> What you should do: Find the line that holds "One Ladies fancy" in the material below. Output that line and each one after it exactly, but not the pictures.

> Data excerpt:
= = = = = = =
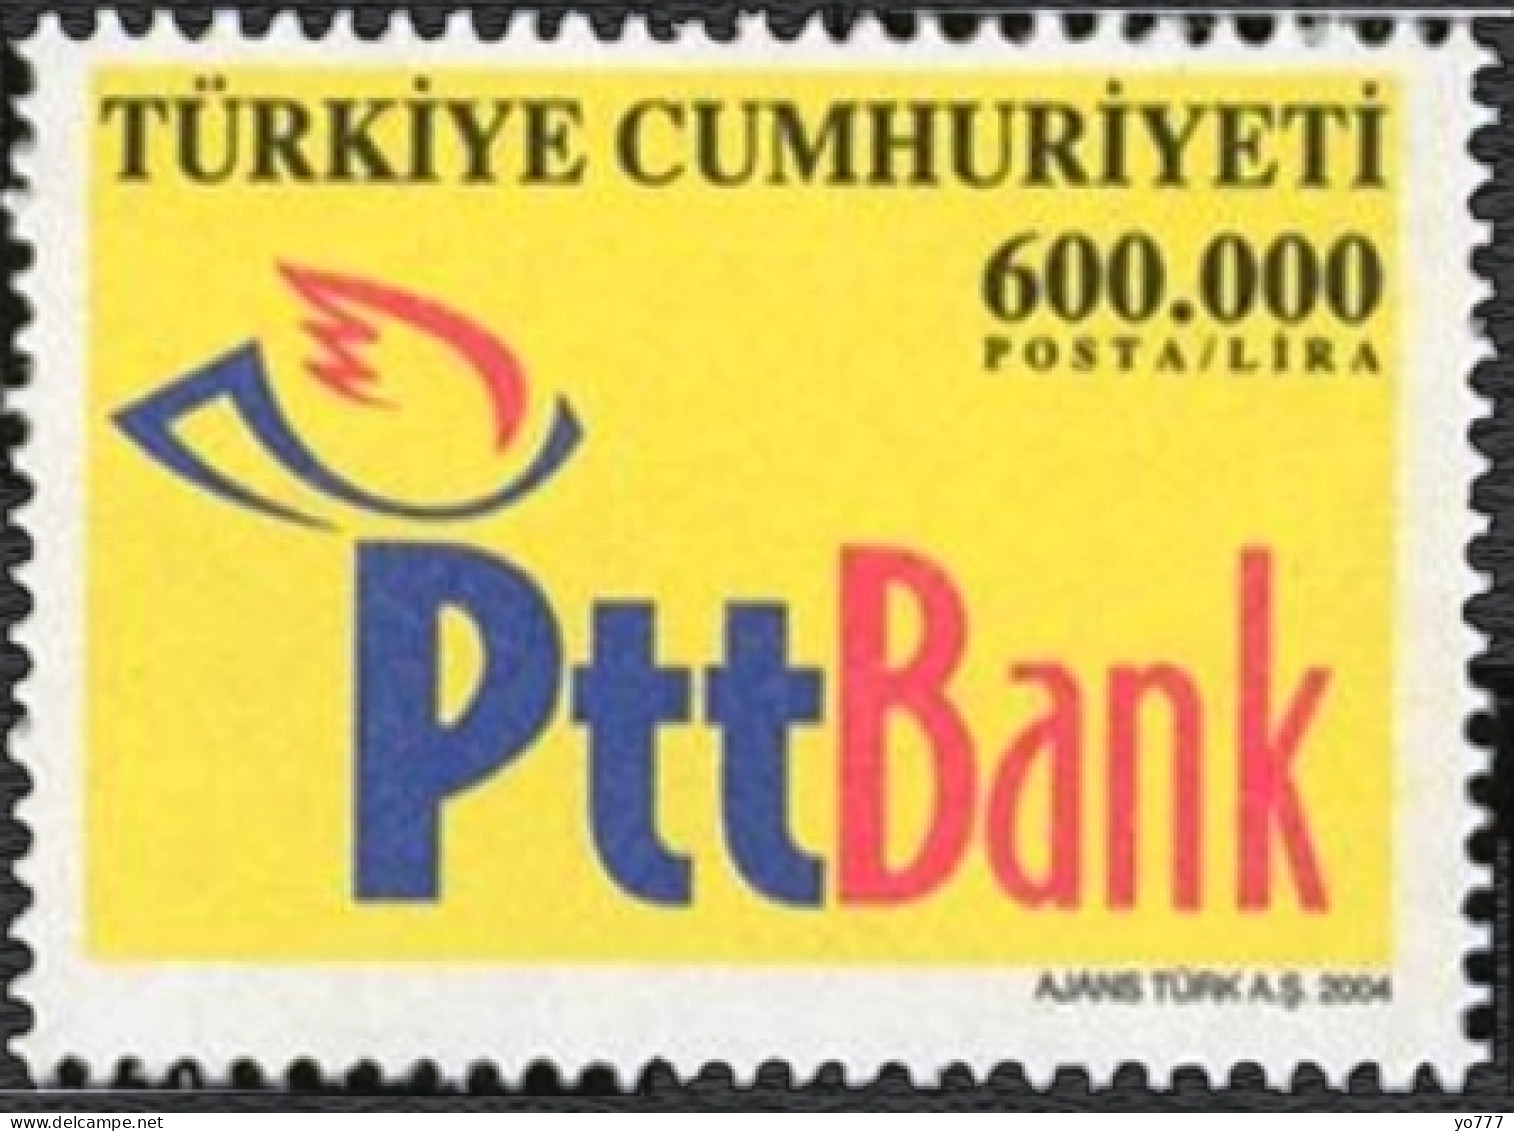 (3369) TURKEY REGULAR ISSUE STAMPS WITH THE THEME OF PTT BANK MNH** - Unused Stamps
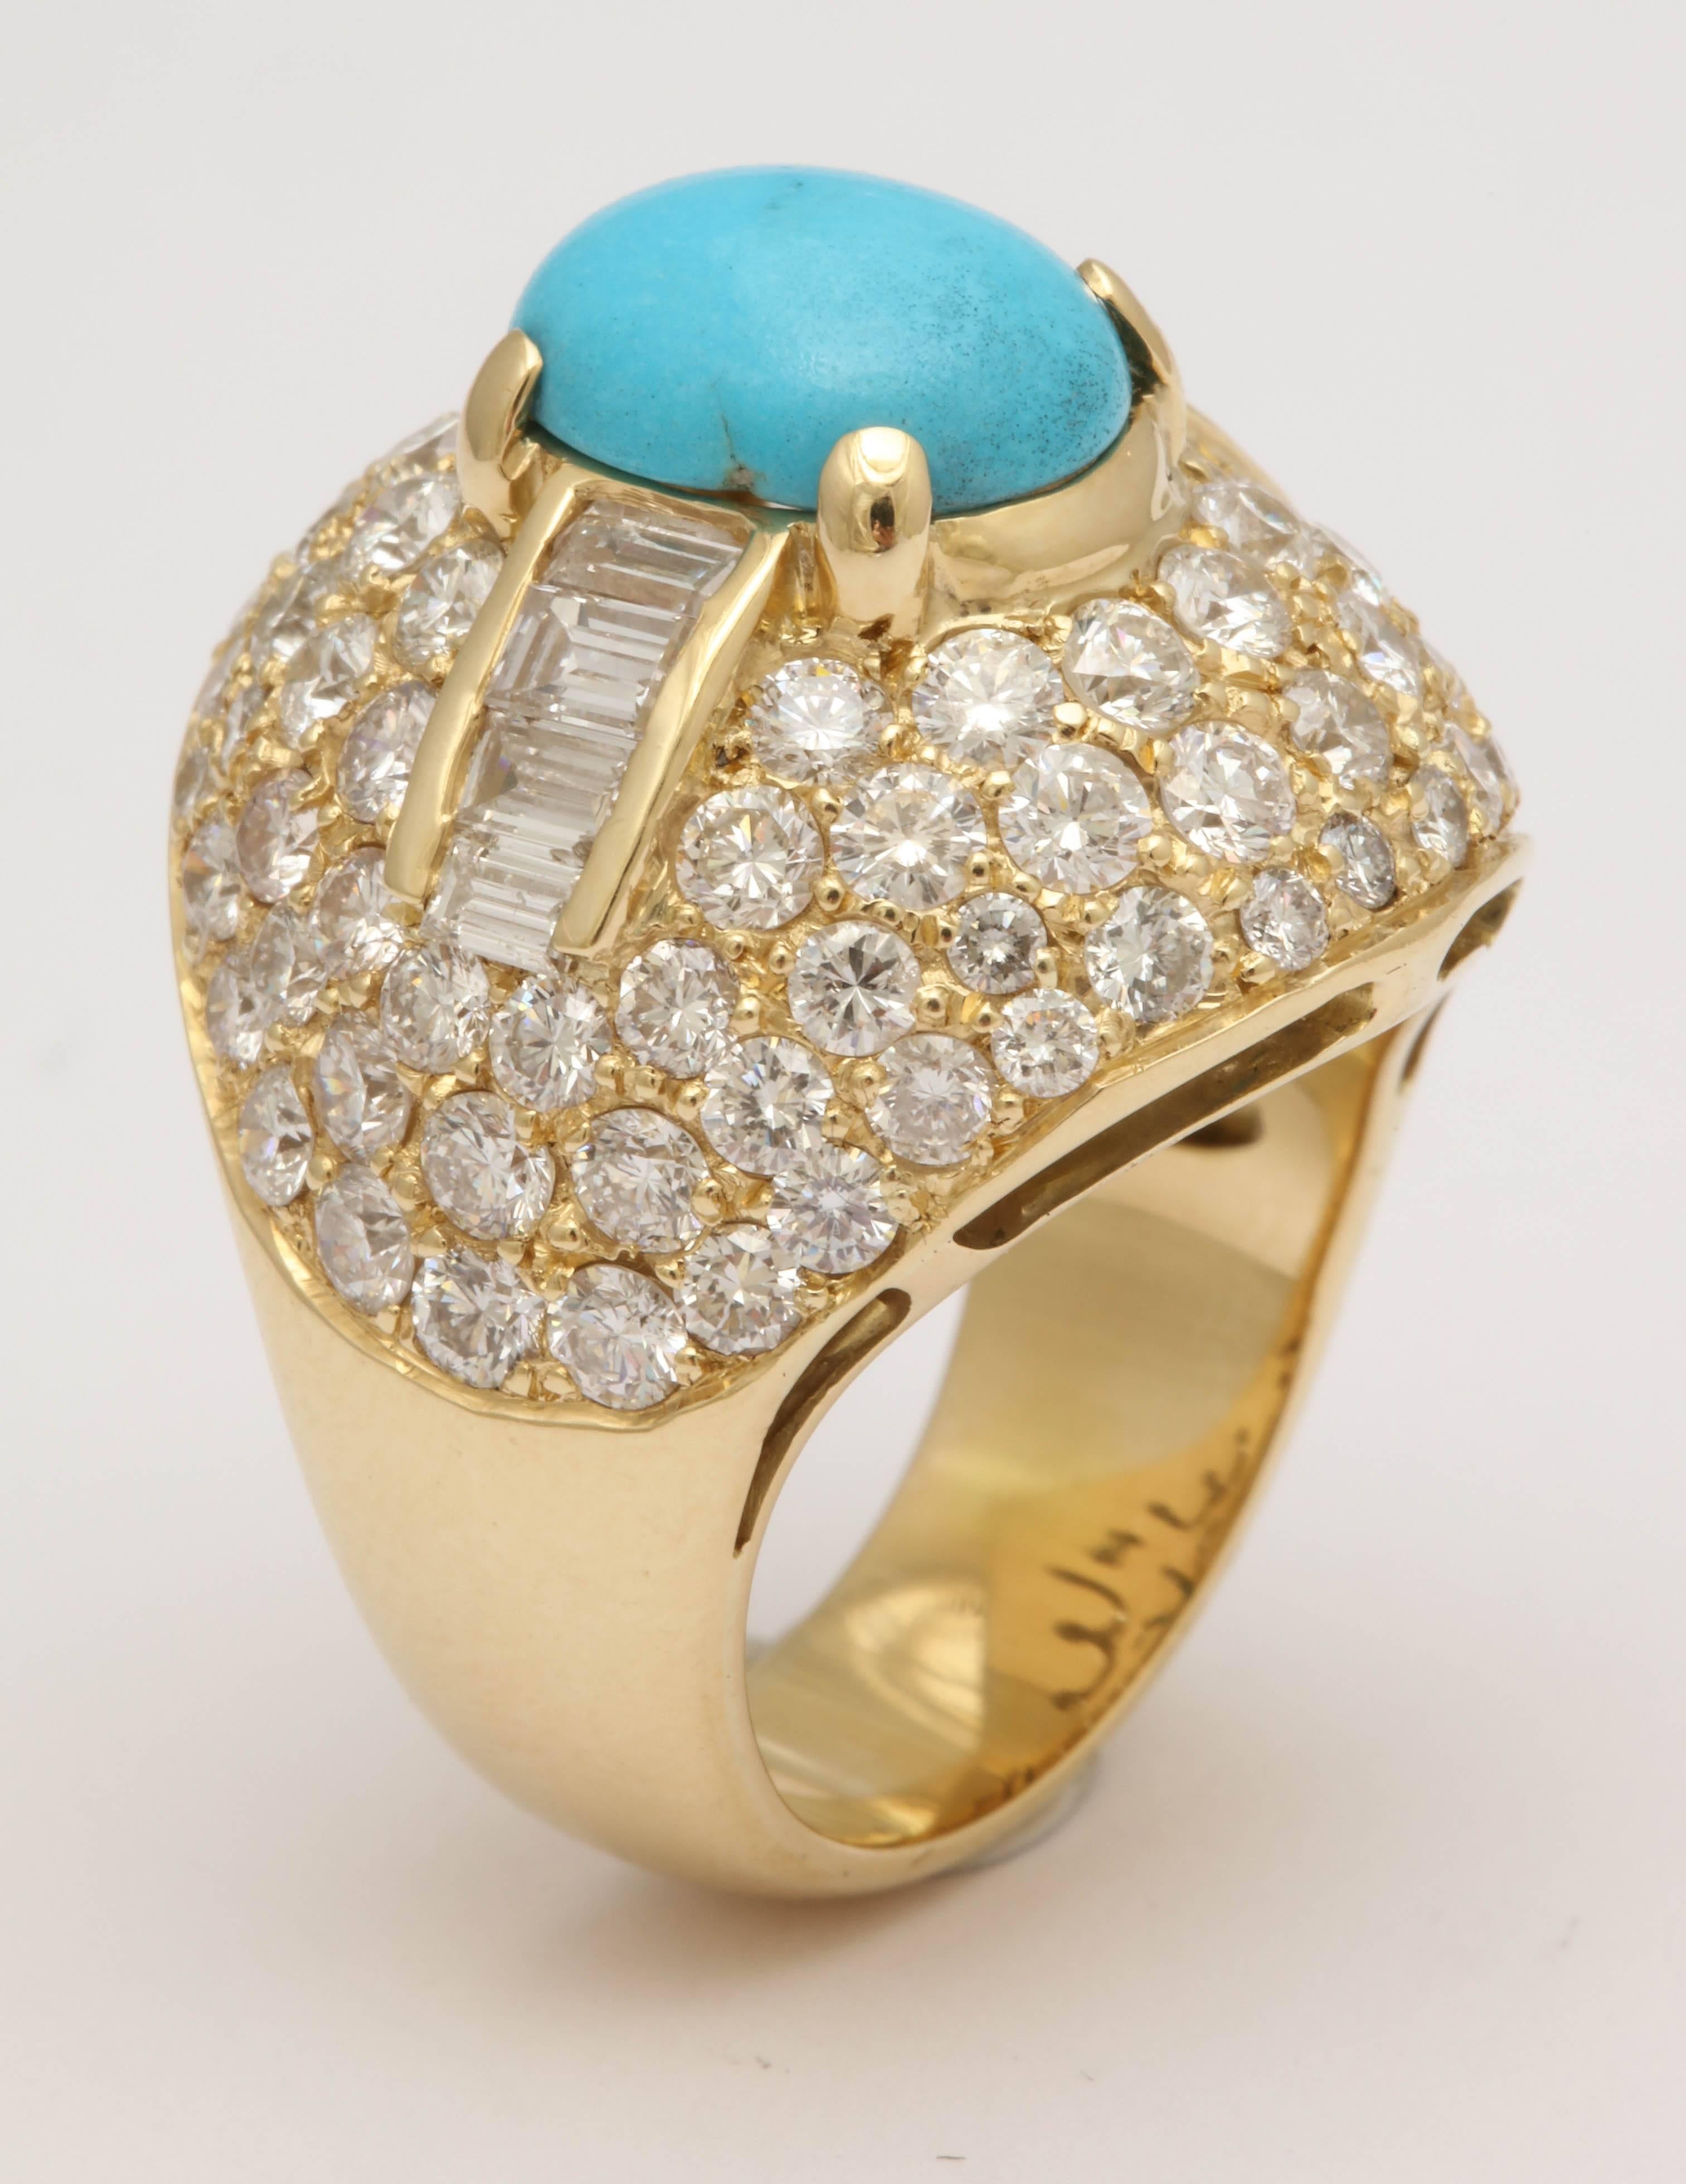 One Ladies fancy 18kt Yellow Gold Dome Ring Embellished with numerous High Quality Brilliant Cut diamonds Weighing Approximately 3.50 Cts And Flanked By Eight Baguette Cut Diamonds Weighing Approximately .50 Cts Total. Total diamond Weight
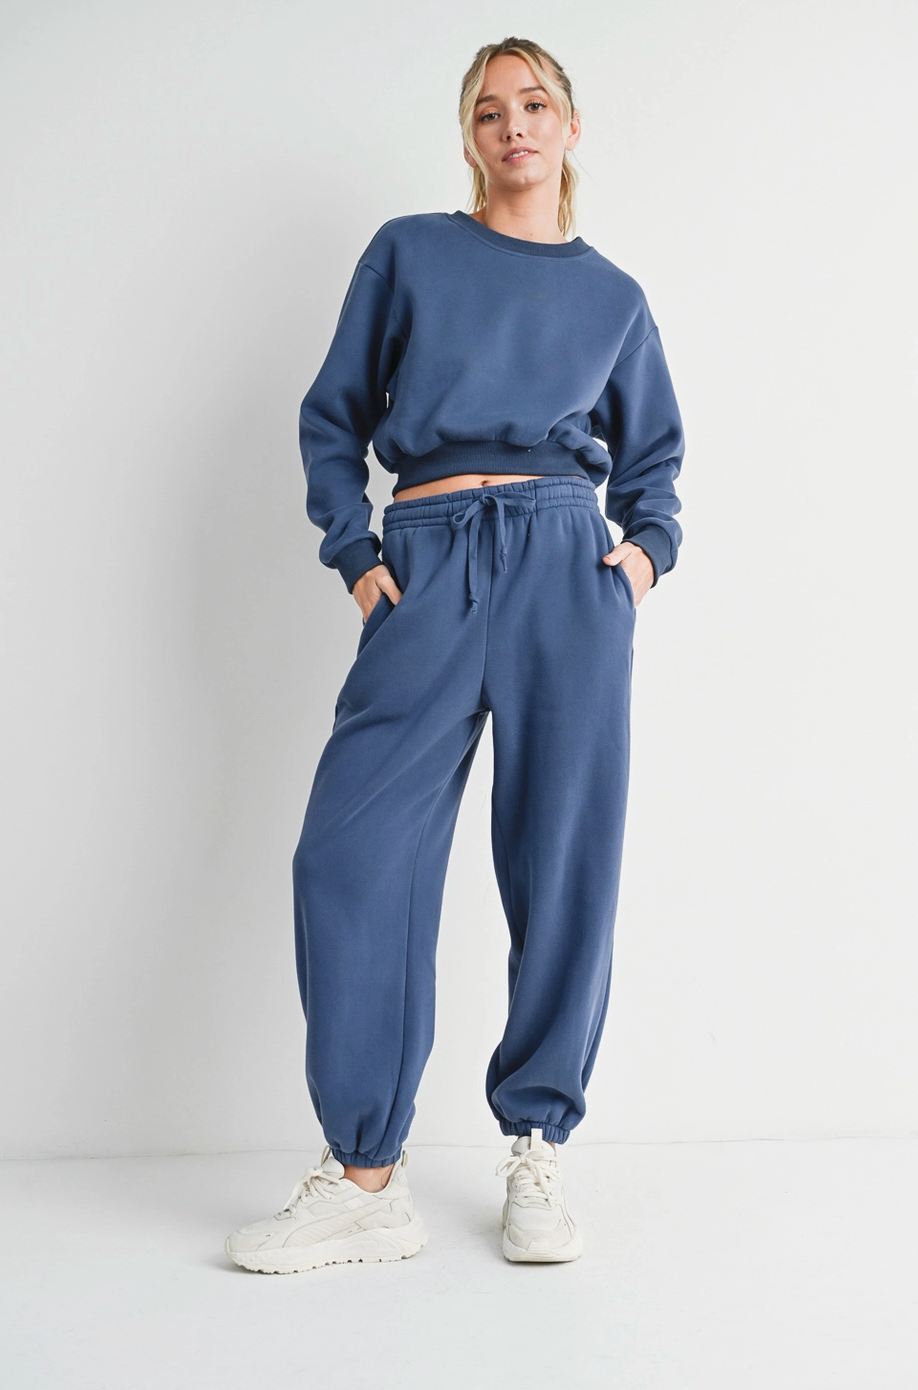 Layover Cropped Jogger Set - Blue
= = = = = = =
> Answer to this task:
 One Ladies fancy 18kt Yellow Gold Dome Ring Embellished with numerous High Quality Brilliant Cut diamonds Weighing Approximately 3.50 Cts And Flanked By Eight Baguette Cut Diamonds Weighing Approximately .50 Cts Total. Total diamond Weight
 Layover Cropped Jogger Set - Blue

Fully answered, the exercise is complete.